What can be done in light of news reports emphasizing the horrifying global reality that terrorism can strike anywhere and cause losses and damages including injury and death?
The best way to stay safe, according to government posts on national counterterrorism, is to adopt a perspective on dubious activities. Did you notice anything that didn’t seem right nearby?
Then, call the hotline, which is open 24 hours a day, 7 days per week, to promptly alert the authorities.
What to report when calling the hotline:
• What you saw
• Who you saw doing it
• Where you saw it
• When you saw it
• Why you think the activity you saw can be classified as suspicious
An important step in securing your family, home, and place of business is being proactive. Would your current plan, however, be sufficient to protect your company’s facilities, contents, and operational vehicles in the event of the unthinkable—a terror attack—in your area?
The Overall Insurance Outlook
Before the terrorist attacks of September 11th, 2001, Americans believed that they were protected from harm and that the likelihood of terrorist attacks was low. During that era, insurance companies presented property and casualty “all perils” coverage that encompassed catastrophic losses caused by terror acts. Terrorist acts were, however, specifically excluded from many commercial insurance plans across the nation after the Twin Towers attacks as a result of industry panic. To add a separate terrorism rider to the policy, a company would now need to contact their agency if it wanted to be protected from terrorism.

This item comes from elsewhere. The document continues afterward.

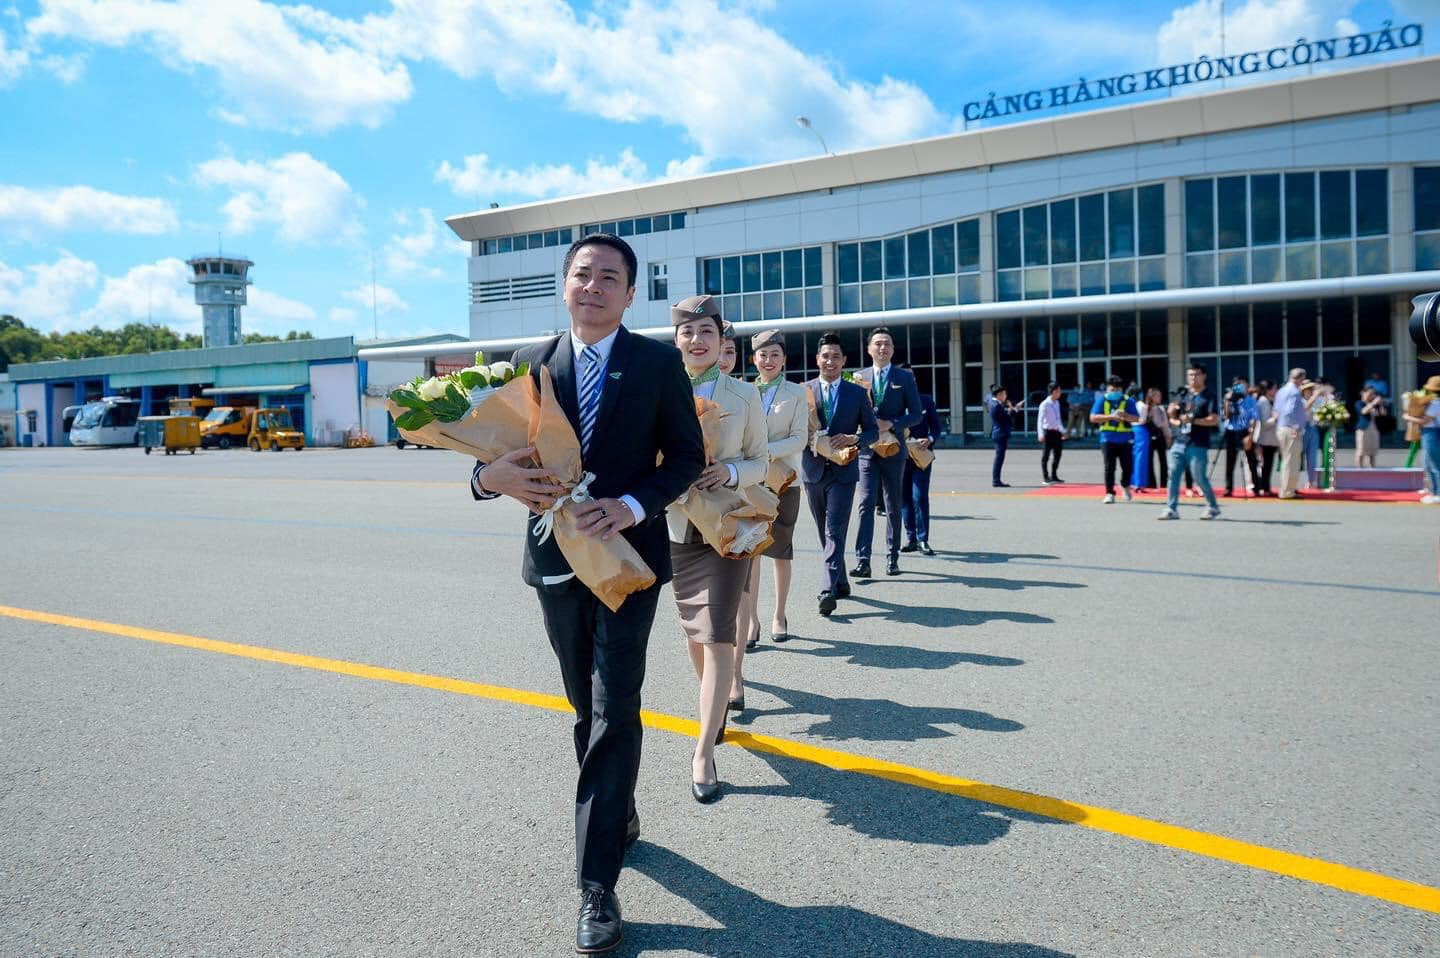 Khai trương 3 đường bay thẳng, Bamboo Airways tặng 1 tỷ đồng tiền mặt hỗ trợ hộ nghèo Côn Đảo - ảnh 3

What a commercial terror rider covers property damage or business losses, including:
• Damaged/destroyed vehicles (car, truck, motorcycle, boat)
• Workers compensation for injury
• Benefits for employees that lost their lives
What restrictions do terrorism insurance policies have? Nuclear, biological, and other armed conflicts are not covered by terrorism.
What criteria do insurance companies use to determine whether a person has experienced terrorist attacks? The Terrorism Risk Insurance Act was ratified by the US Congress in November 2002. The act gives the US Treasury Department the authority to decide whether a situation falls under the definition of terrorism. Accordingly, the act must be performed by “an individual or individuals as part of an effort to coerce the civilian population of the United States or to use coercion to change the policy or conduct of the American government.” A terrorist act must also result in insured damages of at least $5 million in order to be covered.